## TASK REQUIREMENTS
Retype the records below exactly as given, but only from the first line through the line with "Chairs Ladderback Green", and without the pictures.
MATERIAL FOR THIS EXERCISE: Begin
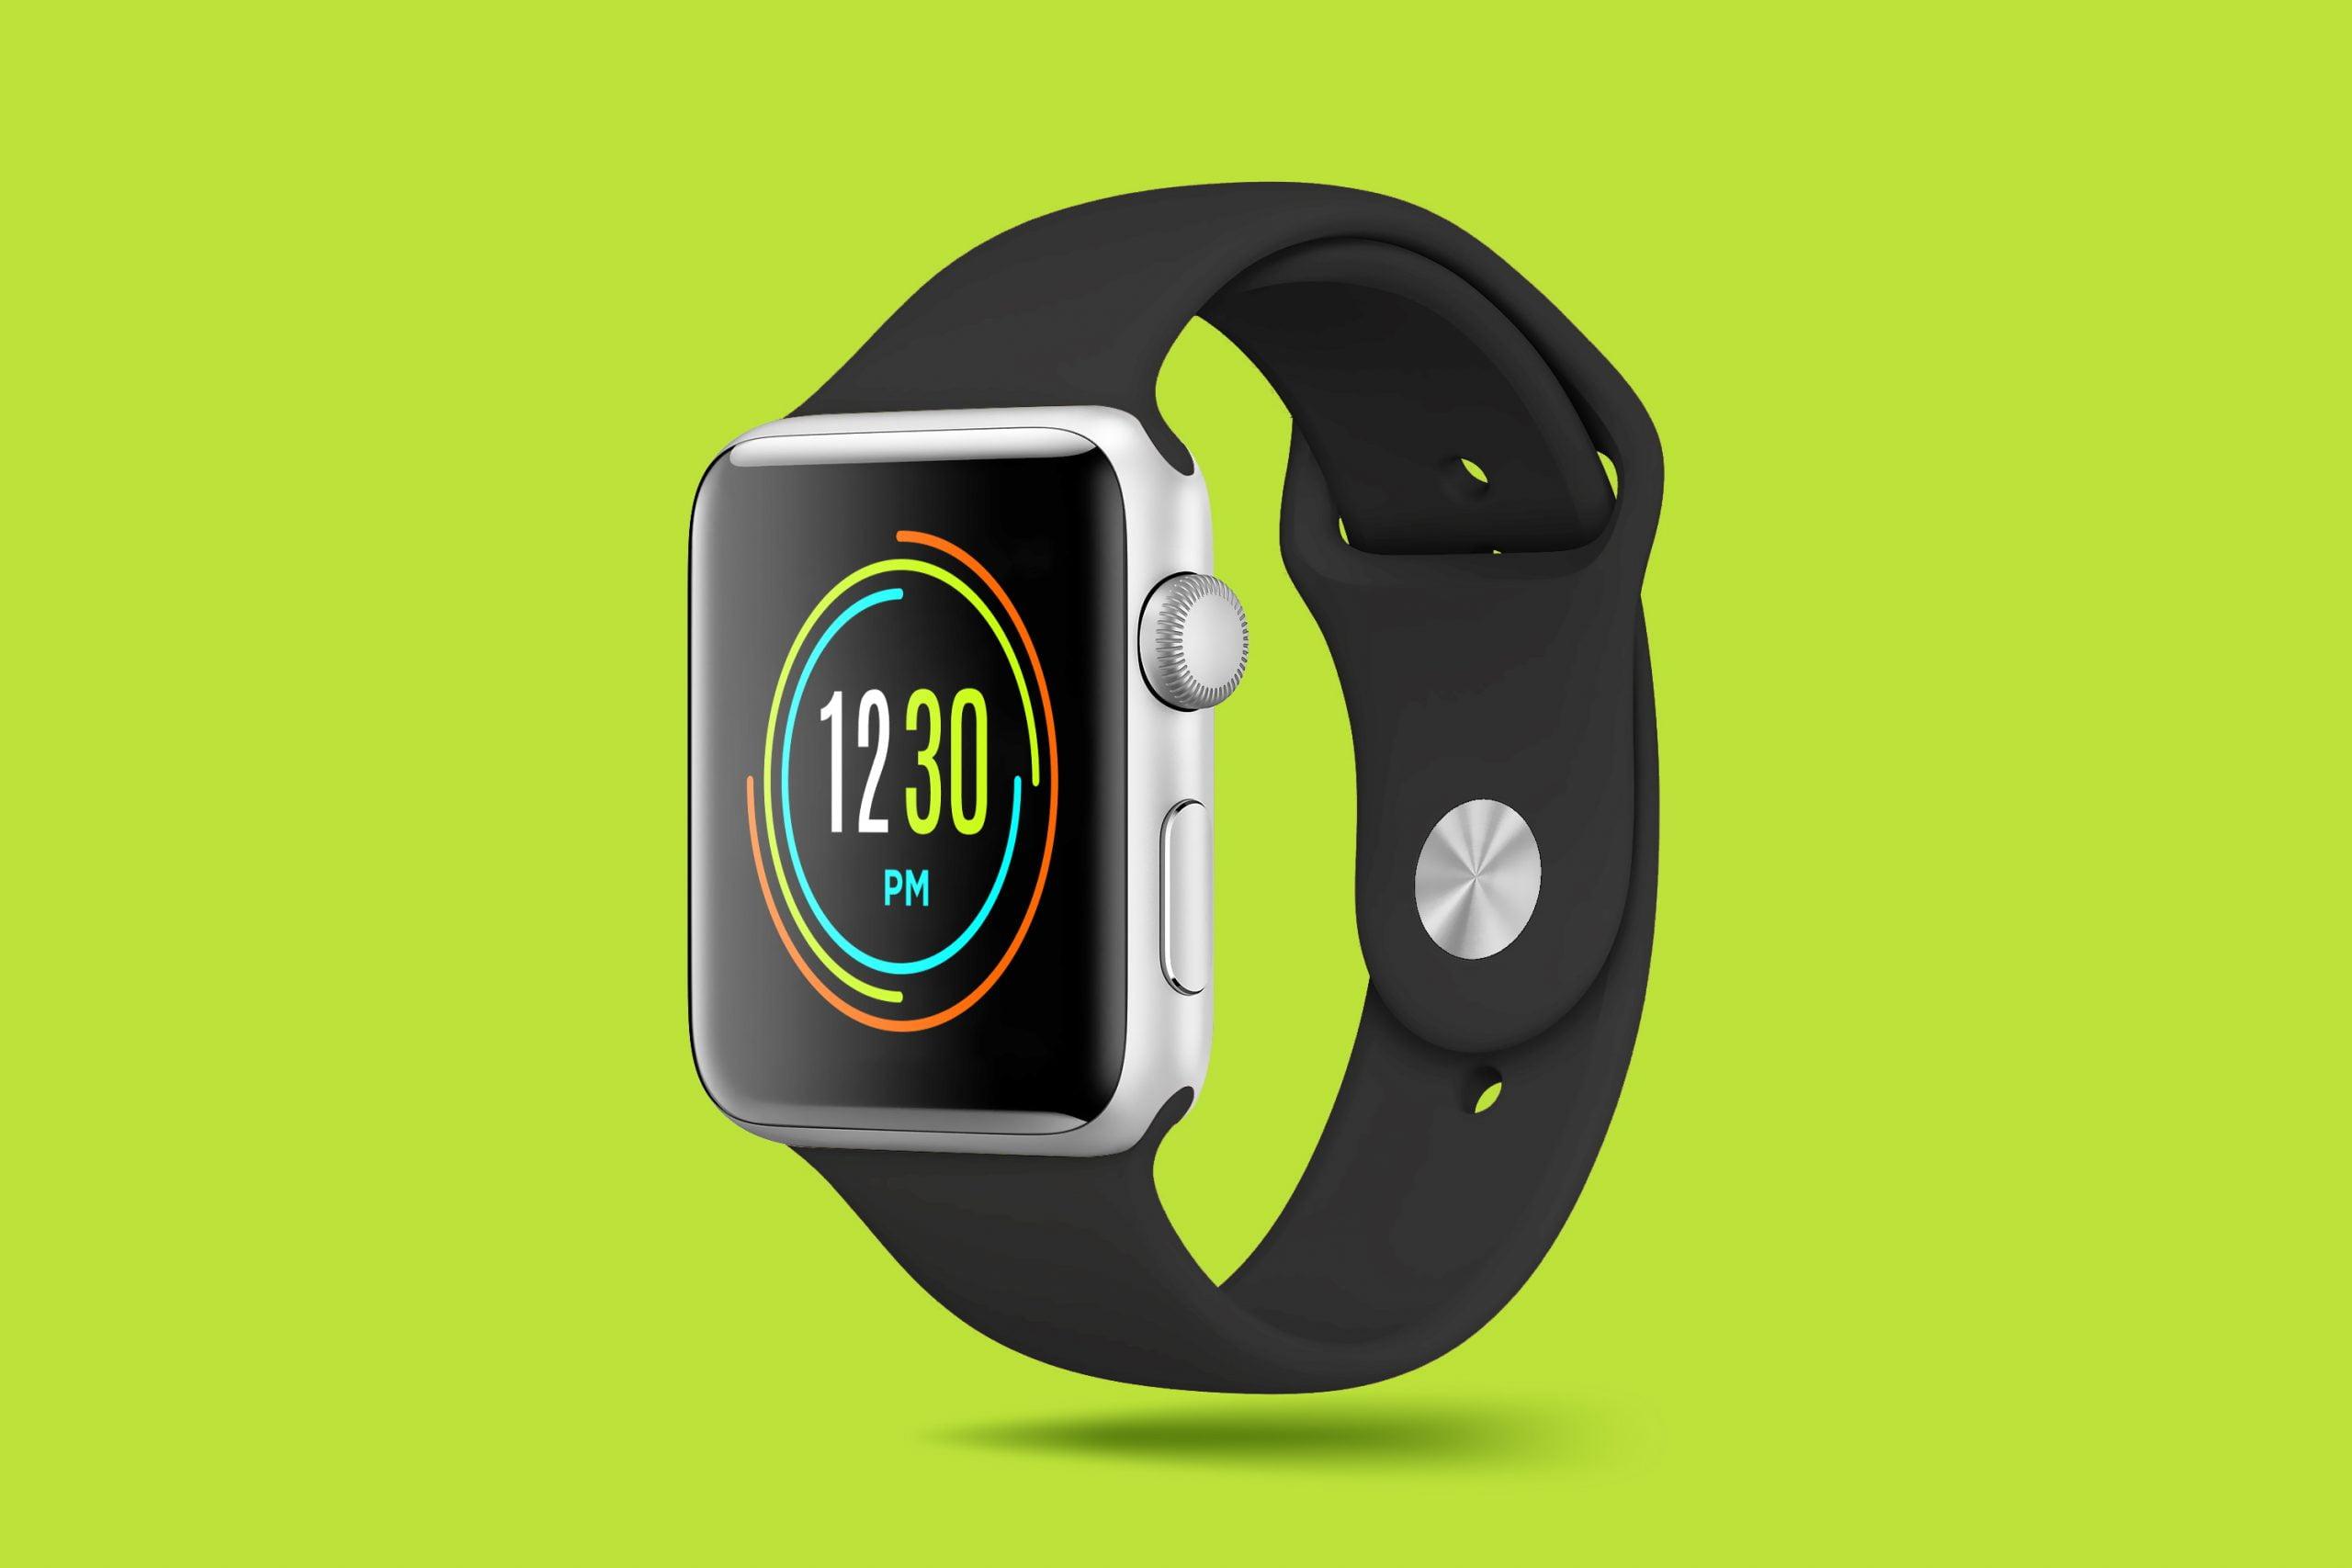 Smart Watch Mockup Design 5
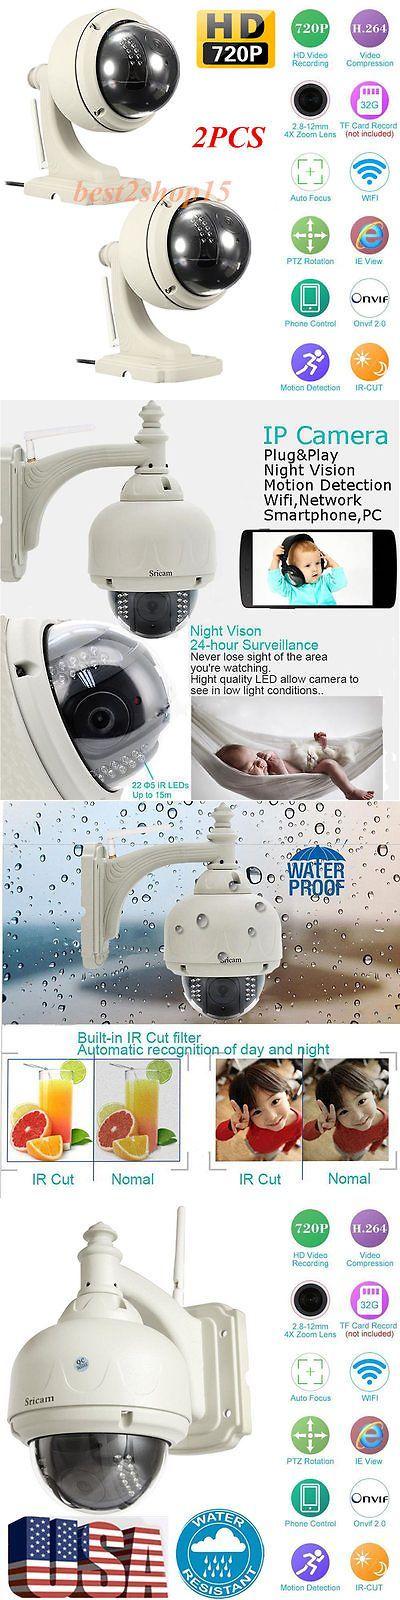 Security Cameras: 2 Sricam Wireless Outdoor Pan/Tilt Network Cctv Camera P2p Wifi Ip Webcam Ir-Cut BUY IT NOW ONLY: $118.95
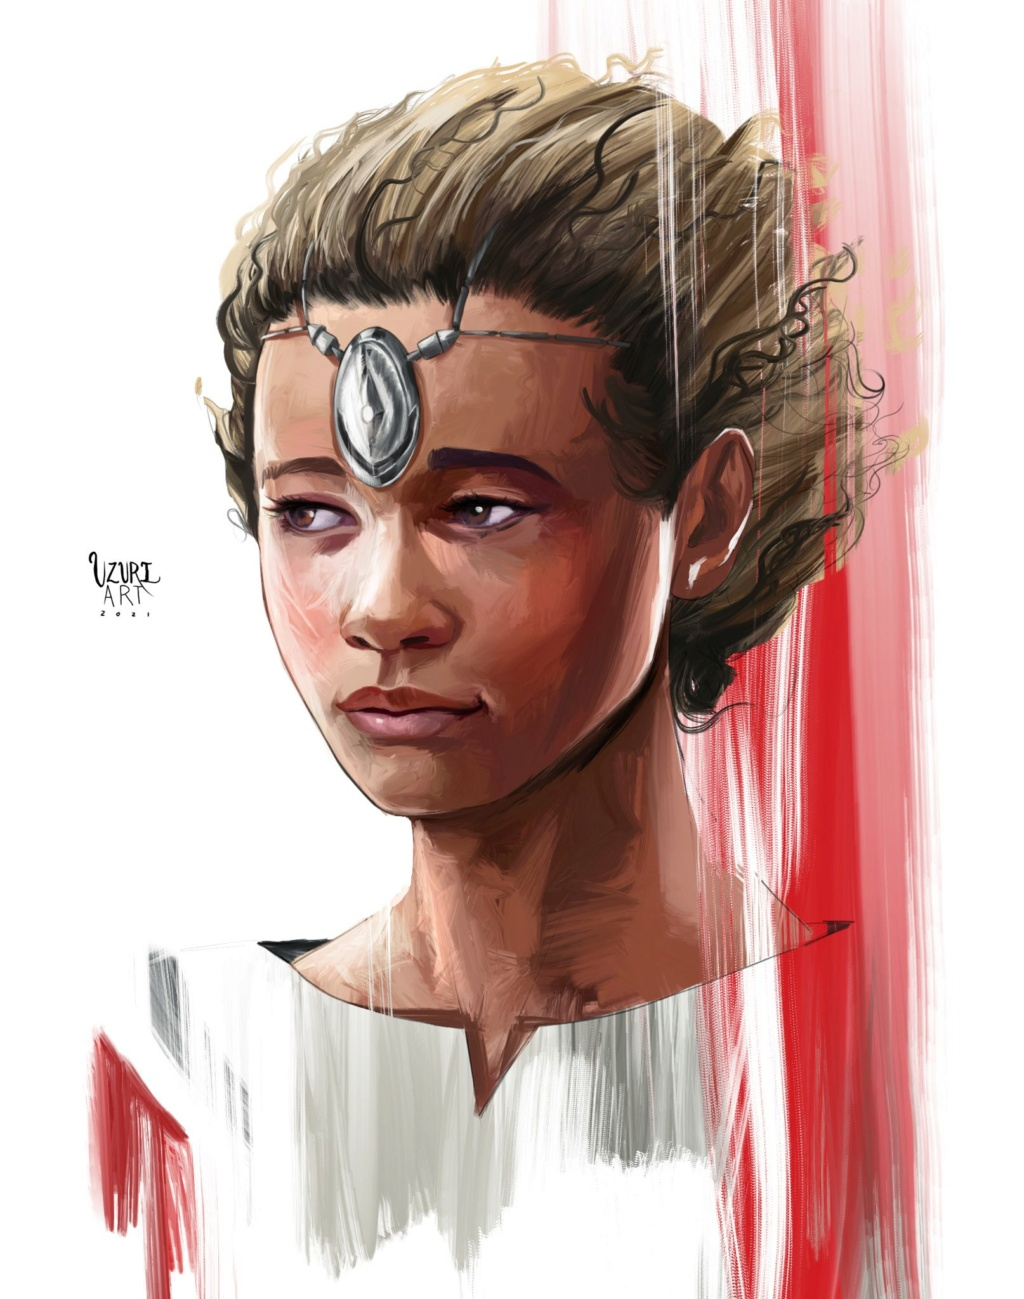 Digital Art par UZURI ART - Star Wars Uzuri_42
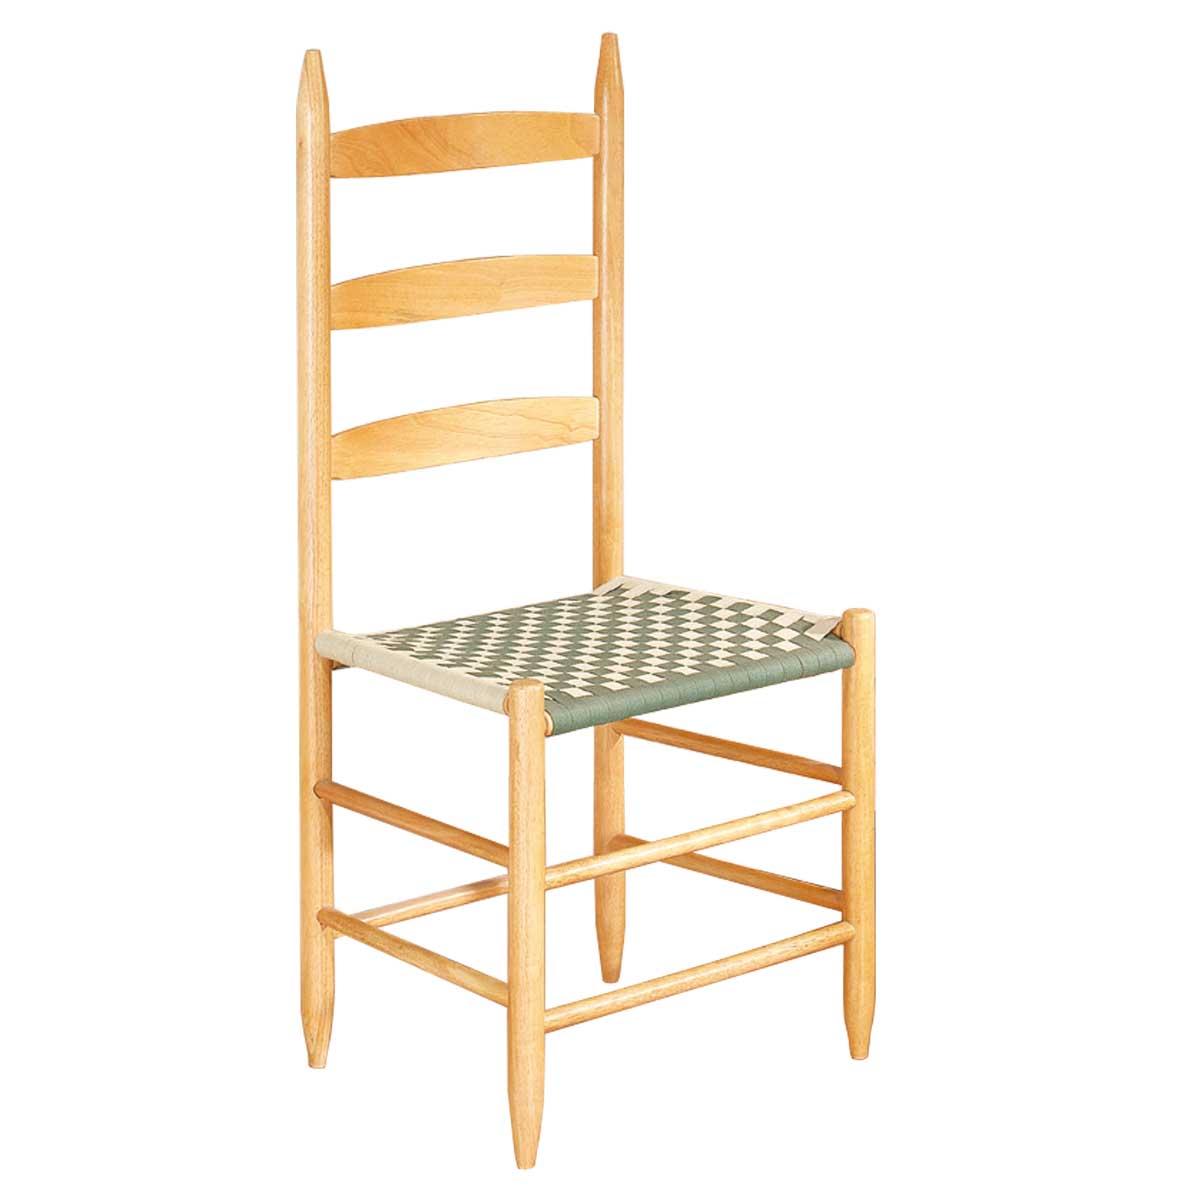 "Kitchen Chairs Ladderback Green Beechwood 42.5"" H"
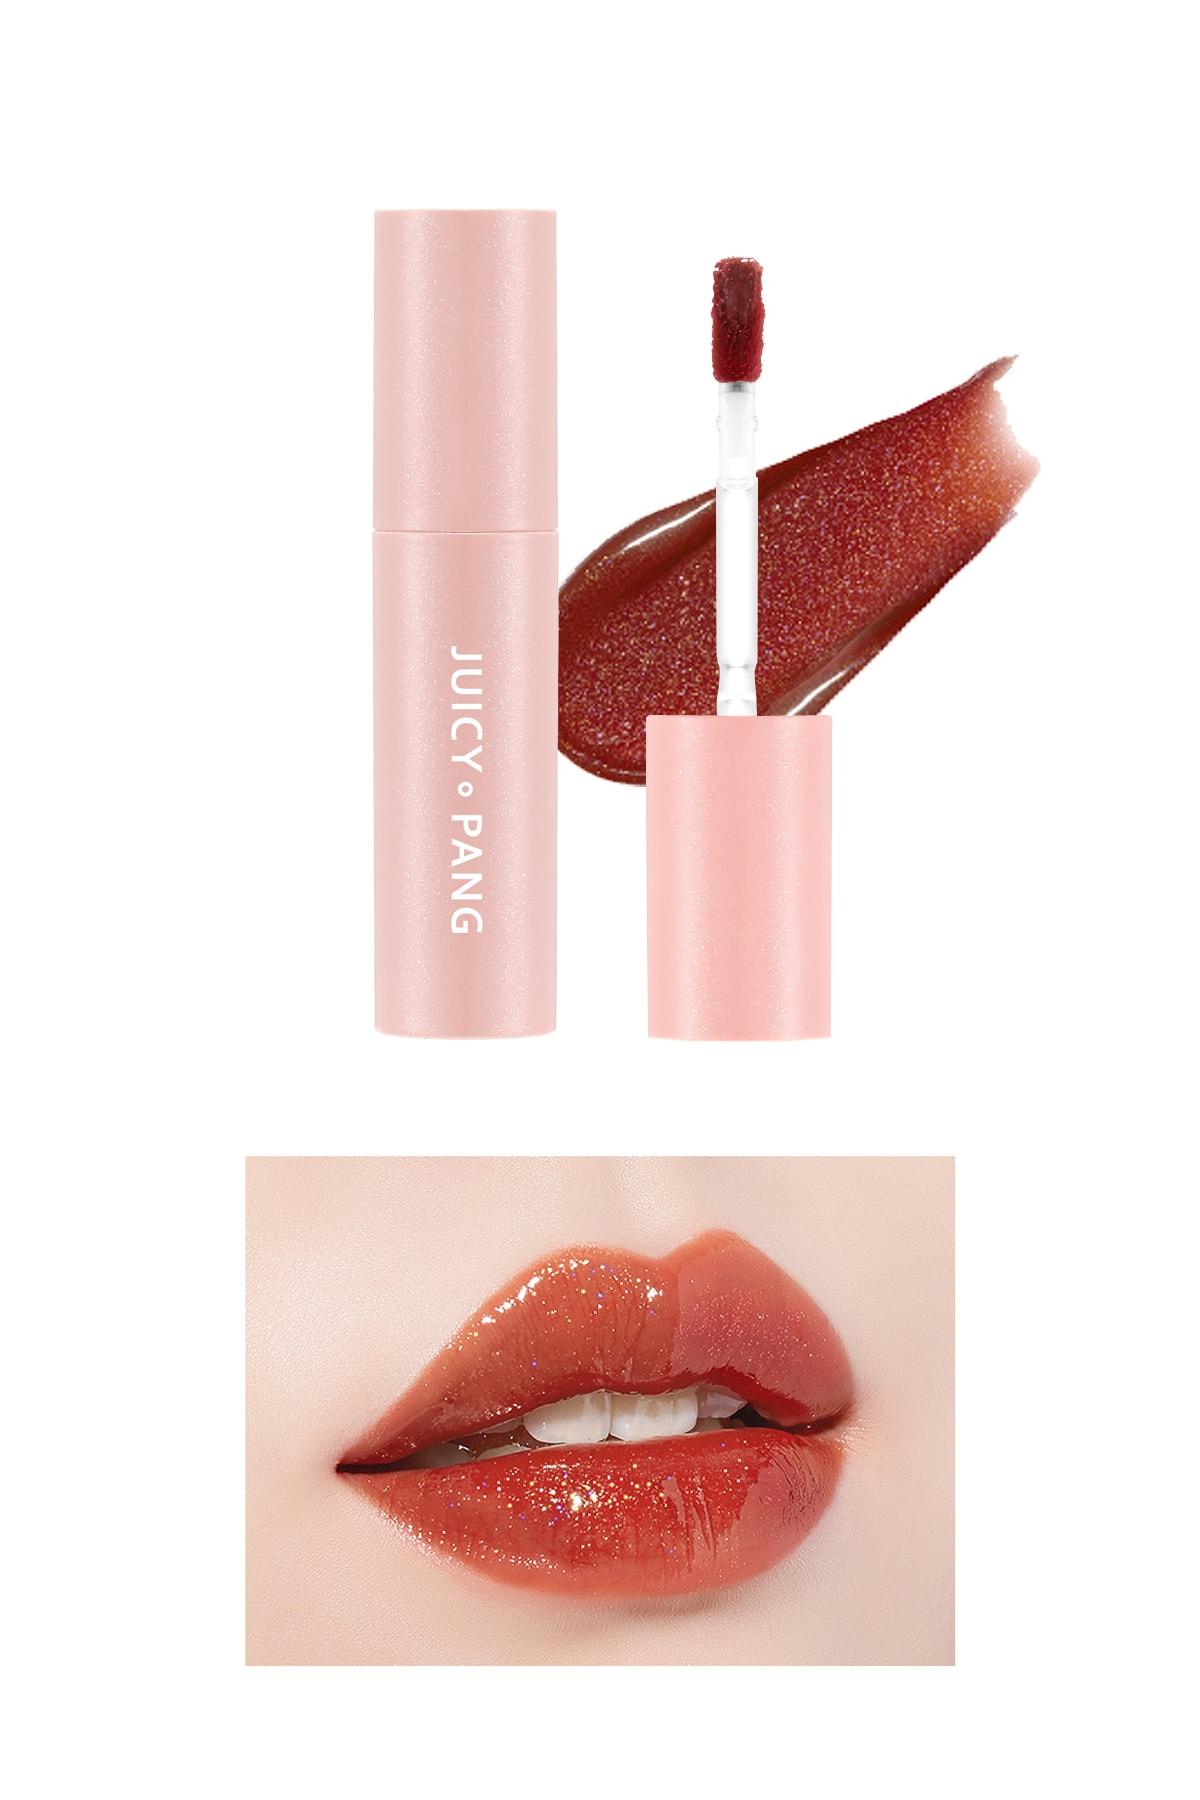 Missha Işıltı&Dolgunluk Veren  Parlak Gloss Tint APIEU Juicy-Pang Sparkling Tint CR01 0
MATERIAL FOR THIS EXERCISE: End
## RESULT
 Smart Watch Mockup Design 5
 Security Cameras: 2 Sricam Wireless Outdoor Pan/Tilt Network Cctv Camera P2p Wifi Ip Webcam Ir-Cut BUY IT NOW ONLY: $118.95
 Digital Art par UZURI ART - Star Wars Uzuri_42
 "Kitchen Chairs Ladderback Green Beechwood 42.5"" H"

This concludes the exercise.